Eight A100s, $61, and 124M parameters
End-to-end reproduction of Karpathy’s “Let’s reproduce GPT-2 (124M)” video. The build started on a 4 GB GTX 1650 and finished on 8× A100 SXM4 rented from Lambda. Training ran for 19,073 steps over 10B FineWeb-Edu tokens. Total cost: $61.23. Final val loss 3.40 vs OpenAI’s released baseline of 3.29 — a 97% match. HellaSwag 26.99% vs 29.45% baseline.

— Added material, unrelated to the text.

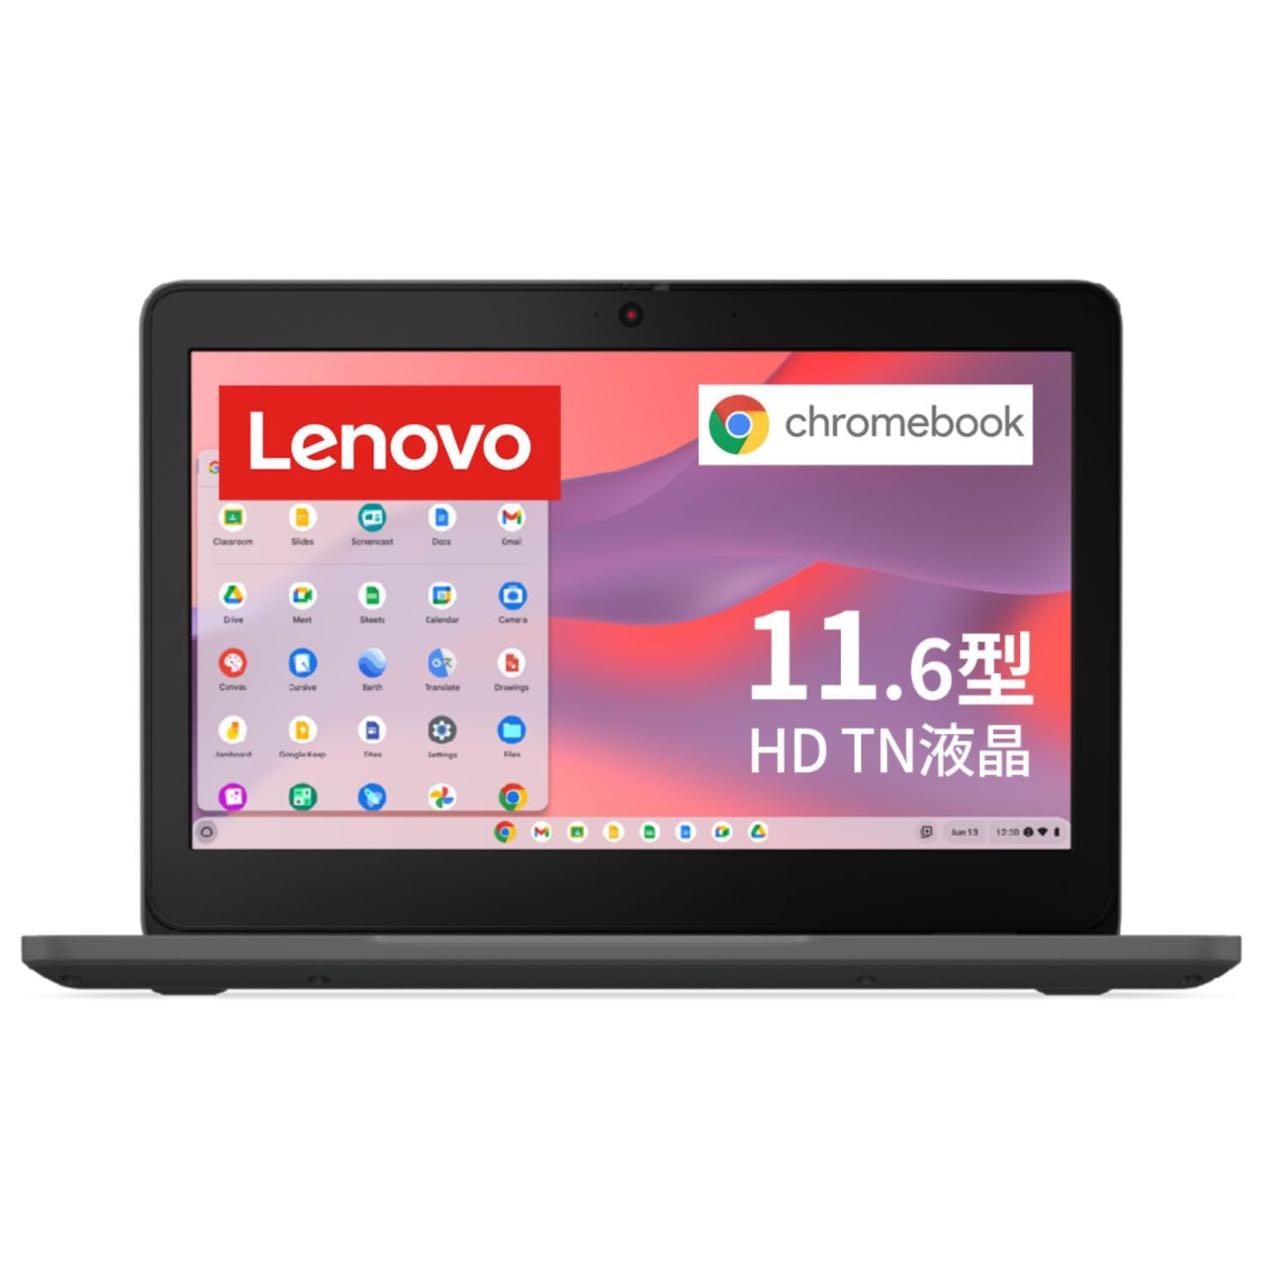 Lenovo レノボ Chromebook クロームブック 100e 11.6インチ グラファイトグレー 82W0000FJP 4580550080395

| Metric | Start | End | OpenAI baseline | % of target |
|---|---|---|---|---|
| Val loss | 10.951 | 3.3969 | 3.292 | 97% |
| HellaSwag acc_norm | 24.82% | 26.99% | 29.45% | 91% |
| Sustained throughput | — | 1.1M tokens/sec | — | — |
| Steps/min | — | ~127 | — | — |
The val loss gap is small enough that another ~$80 of training would close it. The HellaSwag gap is the well-known FineWeb-Edu artifact — high-quality educational text gives slightly worse commonsense reasoning per perplexity unit than OpenAI’s WebText.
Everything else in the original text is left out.